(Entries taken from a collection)
---*---
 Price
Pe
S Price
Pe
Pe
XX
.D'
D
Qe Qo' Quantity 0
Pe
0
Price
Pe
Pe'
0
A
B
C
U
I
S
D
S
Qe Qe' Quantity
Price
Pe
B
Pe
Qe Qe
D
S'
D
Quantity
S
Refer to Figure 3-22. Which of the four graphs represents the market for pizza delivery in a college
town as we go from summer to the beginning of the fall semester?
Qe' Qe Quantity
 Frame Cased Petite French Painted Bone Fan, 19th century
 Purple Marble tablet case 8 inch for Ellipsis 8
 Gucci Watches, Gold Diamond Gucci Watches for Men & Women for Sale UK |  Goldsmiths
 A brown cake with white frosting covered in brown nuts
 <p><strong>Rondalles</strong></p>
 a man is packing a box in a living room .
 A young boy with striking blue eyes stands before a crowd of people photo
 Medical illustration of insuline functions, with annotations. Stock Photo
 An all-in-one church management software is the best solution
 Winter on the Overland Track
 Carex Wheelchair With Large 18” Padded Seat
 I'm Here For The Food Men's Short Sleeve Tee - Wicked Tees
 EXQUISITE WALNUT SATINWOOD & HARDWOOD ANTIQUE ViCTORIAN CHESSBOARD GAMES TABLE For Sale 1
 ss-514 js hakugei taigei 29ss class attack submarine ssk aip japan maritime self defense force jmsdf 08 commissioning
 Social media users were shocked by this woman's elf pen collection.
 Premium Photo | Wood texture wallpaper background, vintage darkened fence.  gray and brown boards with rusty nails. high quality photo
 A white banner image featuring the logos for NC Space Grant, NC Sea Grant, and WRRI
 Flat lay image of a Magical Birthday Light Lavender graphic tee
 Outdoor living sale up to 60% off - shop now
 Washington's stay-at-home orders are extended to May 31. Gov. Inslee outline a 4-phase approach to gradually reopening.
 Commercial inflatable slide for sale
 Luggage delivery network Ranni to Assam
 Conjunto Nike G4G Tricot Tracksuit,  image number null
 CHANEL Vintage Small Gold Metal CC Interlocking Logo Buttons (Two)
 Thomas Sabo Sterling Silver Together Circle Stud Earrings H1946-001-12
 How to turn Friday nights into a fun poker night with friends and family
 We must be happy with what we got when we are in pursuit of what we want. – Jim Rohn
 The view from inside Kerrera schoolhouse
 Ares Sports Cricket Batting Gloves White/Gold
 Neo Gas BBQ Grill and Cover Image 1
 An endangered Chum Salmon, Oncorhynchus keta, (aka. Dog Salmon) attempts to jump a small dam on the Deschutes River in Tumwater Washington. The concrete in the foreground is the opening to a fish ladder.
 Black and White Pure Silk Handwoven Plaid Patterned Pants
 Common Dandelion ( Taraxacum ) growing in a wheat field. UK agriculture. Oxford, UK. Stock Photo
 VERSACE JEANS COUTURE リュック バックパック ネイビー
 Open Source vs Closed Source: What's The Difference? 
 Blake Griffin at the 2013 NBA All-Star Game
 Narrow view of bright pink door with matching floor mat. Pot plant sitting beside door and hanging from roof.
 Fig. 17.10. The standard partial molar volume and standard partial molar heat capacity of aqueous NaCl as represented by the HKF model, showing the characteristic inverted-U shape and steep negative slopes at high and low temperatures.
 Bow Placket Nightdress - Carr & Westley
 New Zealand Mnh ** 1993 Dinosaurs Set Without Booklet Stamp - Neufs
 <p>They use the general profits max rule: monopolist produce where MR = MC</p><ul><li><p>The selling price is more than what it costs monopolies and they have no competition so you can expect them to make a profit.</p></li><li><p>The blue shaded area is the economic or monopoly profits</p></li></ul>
---*---
WORK ORDER:
Transcribe verbatim. Cover the lines from the first line of the entries above to the line containing "How to turn", inclusive.

FINISHED EXERCISE:
 Price
Pe
S Price
Pe
Pe
XX
.D'
D
Qe Qo' Quantity 0
Pe
0
Price
Pe
Pe'
0
A
B
C
U
I
S
D
S
Qe Qe' Quantity
Price
Pe
B
Pe
Qe Qe
D
S'
D
Quantity
S
Refer to Figure 3-22. Which of the four graphs represents the market for pizza delivery in a college
town as we go from summer to the beginning of the fall semester?
Qe' Qe Quantity
 Frame Cased Petite French Painted Bone Fan, 19th century
 Purple Marble tablet case 8 inch for Ellipsis 8
 Gucci Watches, Gold Diamond Gucci Watches for Men & Women for Sale UK |  Goldsmiths
 A brown cake with white frosting covered in brown nuts
 <p><strong>Rondalles</strong></p>
 a man is packing a box in a living room .
 A young boy with striking blue eyes stands before a crowd of people photo
 Medical illustration of insuline functions, with annotations. Stock Photo
 An all-in-one church management software is the best solution
 Winter on the Overland Track
 Carex Wheelchair With Large 18” Padded Seat
 I'm Here For The Food Men's Short Sleeve Tee - Wicked Tees
 EXQUISITE WALNUT SATINWOOD & HARDWOOD ANTIQUE ViCTORIAN CHESSBOARD GAMES TABLE For Sale 1
 ss-514 js hakugei taigei 29ss class attack submarine ssk aip japan maritime self defense force jmsdf 08 commissioning
 Social media users were shocked by this woman's elf pen collection.
 Premium Photo | Wood texture wallpaper background, vintage darkened fence.  gray and brown boards with rusty nails. high quality photo
 A white banner image featuring the logos for NC Space Grant, NC Sea Grant, and WRRI
 Flat lay image of a Magical Birthday Light Lavender graphic tee
 Outdoor living sale up to 60% off - shop now
 Washington's stay-at-home orders are extended to May 31. Gov. Inslee outline a 4-phase approach to gradually reopening.
 Commercial inflatable slide for sale
 Luggage delivery network Ranni to Assam
 Conjunto Nike G4G Tricot Tracksuit,  image number null
 CHANEL Vintage Small Gold Metal CC Interlocking Logo Buttons (Two)
 Thomas Sabo Sterling Silver Together Circle Stud Earrings H1946-001-12
 How to turn Friday nights into a fun poker night with friends and family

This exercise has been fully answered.